The exposition applies the axiomatic method. By this we mean nothing is to be taken for granted - if some result can't be proven from axioms already stated, it is not to be assumed to be true. If you think an important statement is true but not provable here, please email it to jar@creativecommons.org.

URIs for metadata subjects

The volume of structured information about document-like objects, including web pages, articles, books, images, audio and video recordings, data sets, and databases, is poised to increase in the next five years, spurred by ongoing work on standards for metadata formats and protocols, including DC, BIBO, CITO, FRBR, genont, ORE, IAO, IRW, POWDER, and LRDD. These objects - we will call them "metadata subjects" even though this may not be quite accurate - must be designated (named) somehow in structured descriptive records, i.e. it must be possible to give a metadata subject a name and explain which thing is named by that name.

[Undecided whether 'designated' or 'named' is better]

When a metadata subject is made available on the web it may end up being designated by an actionable http: URI that is somehow associated with it, as web publishers may be strongly inclined to reuse an existing web URI rather than 'mint' a different kind of designator for the purpose, such as a URN, handle, or http: URIref with fragment id.

Understanding 'best practice' around the relationship between these two uses of URIs - as locators and as designators - is therefore necessary in order to avoid ambiguities and mistakes. But converging on 'best practice' for naming metadata subjects has eluded the community for years due mainly, in my opinion, to the inability of the parties to the debate to define terms carefully and communicate their assumptions clearly.

To take a concrete example: Suppose Alice writes a book, publishes it, and puts it on the web at URI U1. There are many notations that Bob, a metadata expert, might use for preparing descriptive metadata about Alice's book (author, title, publication date, etc.). In RDF (OWL, etc.) it is desirable (for the purpose of data linking) to designate the subject of such metadata assertions using a URI U2. Is it a good idea for Bob (with the cooperation of U1's "URI owner") to take U1 = U2, i.e. use the same URI both with HTTP and with RDF? Is the book necessarily different from the "resource" that RFC 2616 talks about? Does it matter?

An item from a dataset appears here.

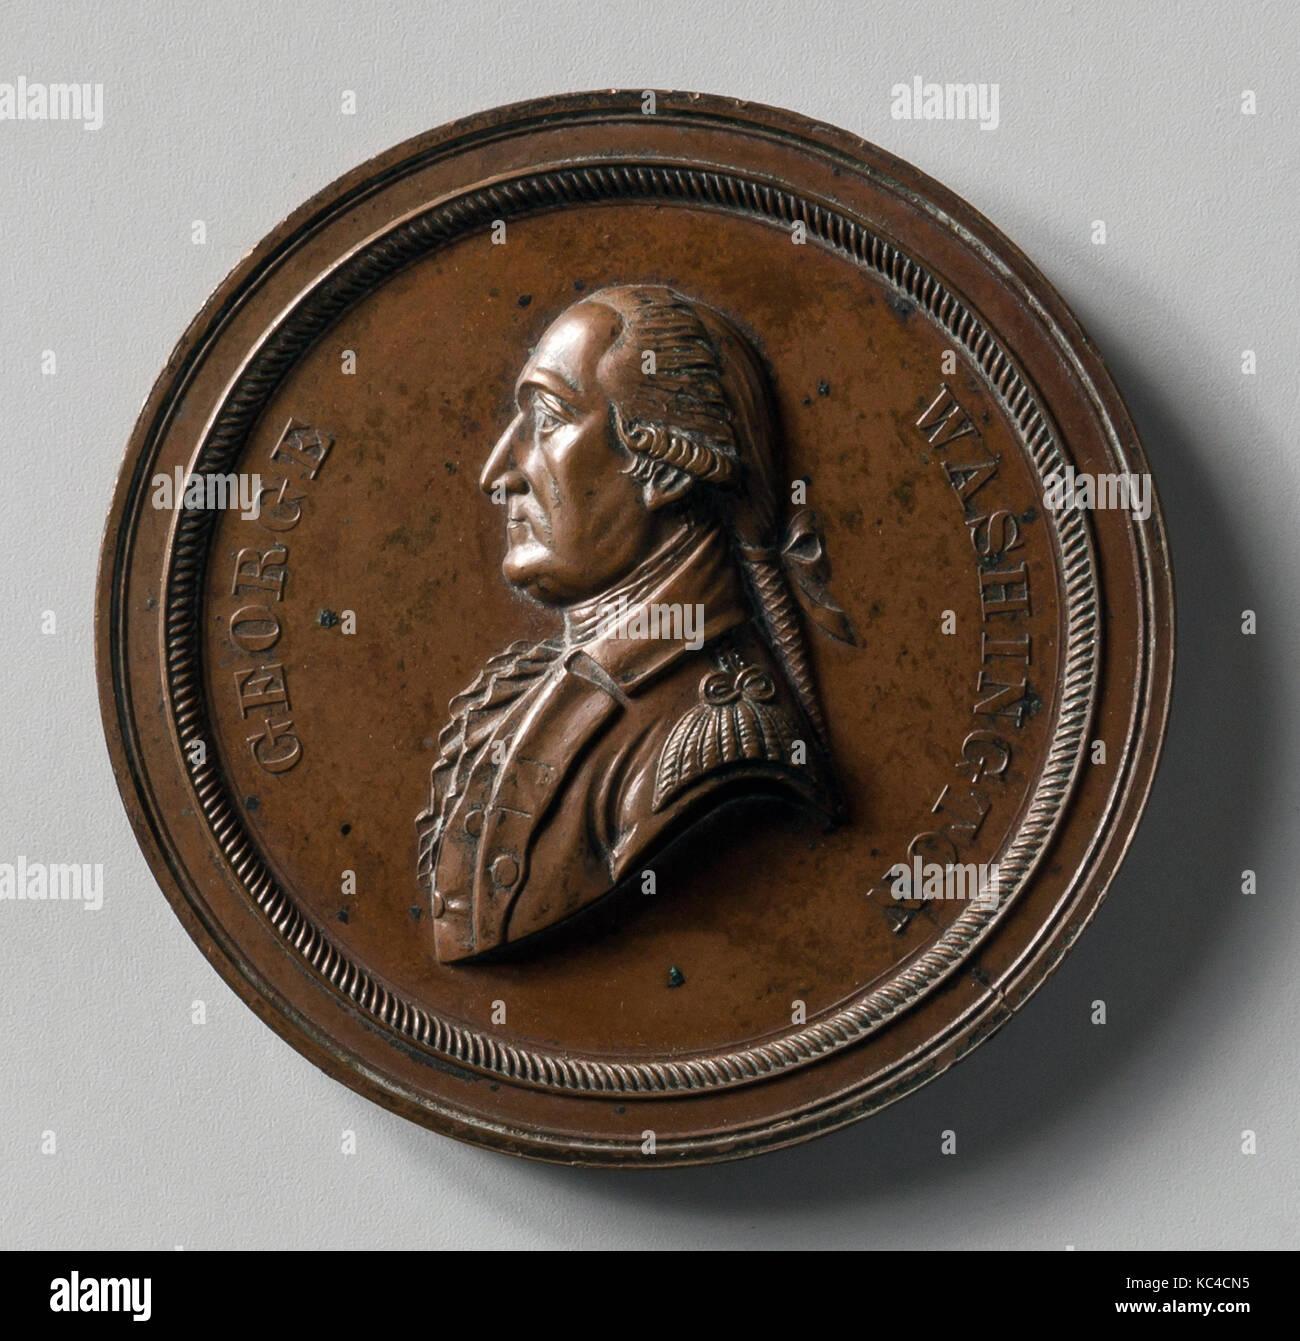 Medalla, 1870-1900, bronce, diam. 2 5/16 in. (5,9 cm), Metal, John A. Bolen (1826-1906 Foto de stock

A variation on this problem: What if GET U1 delivers not the book itself but a brief abstract of the book. Is it still a good idea to take U1 = U2?

There are many variants of these questions with different kinds of metadata subject substituted for 'book' and responses of varying degrees of pathology substituted for the carried in the response.

Web architecture review

We won't make much progress without a rigorous treatment of web architecture, even if we end up disagreeing with it, since all the relevant specifications and discussions assume it.

(Indented text is meant to to give motivation, or suggest a way in which the formal treatment might be informally conceived or interpreted. It should be taken as "informative" rather than "normative". If you think the indented remarks entail some interesting truth, by all means propose a new axiom or theorem to capture that truth.)

Let Thing be the universe of discourse, i.e. for all x, x is a Thing.

We use the word "thing" instead of "resource" to avoid confusion with the many mutually incompatible definitions of "resource".

Let 'RR' be a proper subclass of Thing.

Think of RRs ('REST-representations') as being similar to HTTP 'entities' - they consist of content and a few headers such as Language and Content-type. If R and S have the same content and headers then R = S. We'll figure out the details of encodings, which response headers to include, and so forth, later on.

Note that these RRs are not "on the wire" or associated with particular events or messages or "resources". A single RR might be stored in a file or transmitted multiple times. To talk about events one might have a different class, say a particular arrival of a RR at some agent.

Posit a relationship, which I'll call 'W', between some Things and some RRs. Write W(T,R) to mean that W holds between T, a Thing, and R, a member of RR.

Stipulate that a GET/200 HTTP exchange expresses a W-relationship between a Thing and an RR. That is, let us interpret an HTTP exchange with request GET U and response containing R, where R is a RR, as another way of writing the logical statement W(<U>,R). Here <U> is a term in our meta-language that refers to the "requested resource" (for a deconstruction of which see below).

Suppose, for example, that U is "http://example.org/z". Then a request GET http://example.org/z followed by a response carrying a RR R is interpreted as W(<http://example.org/z>, R). Nothing is said about what <http://example.org/z> "means" or "refers to".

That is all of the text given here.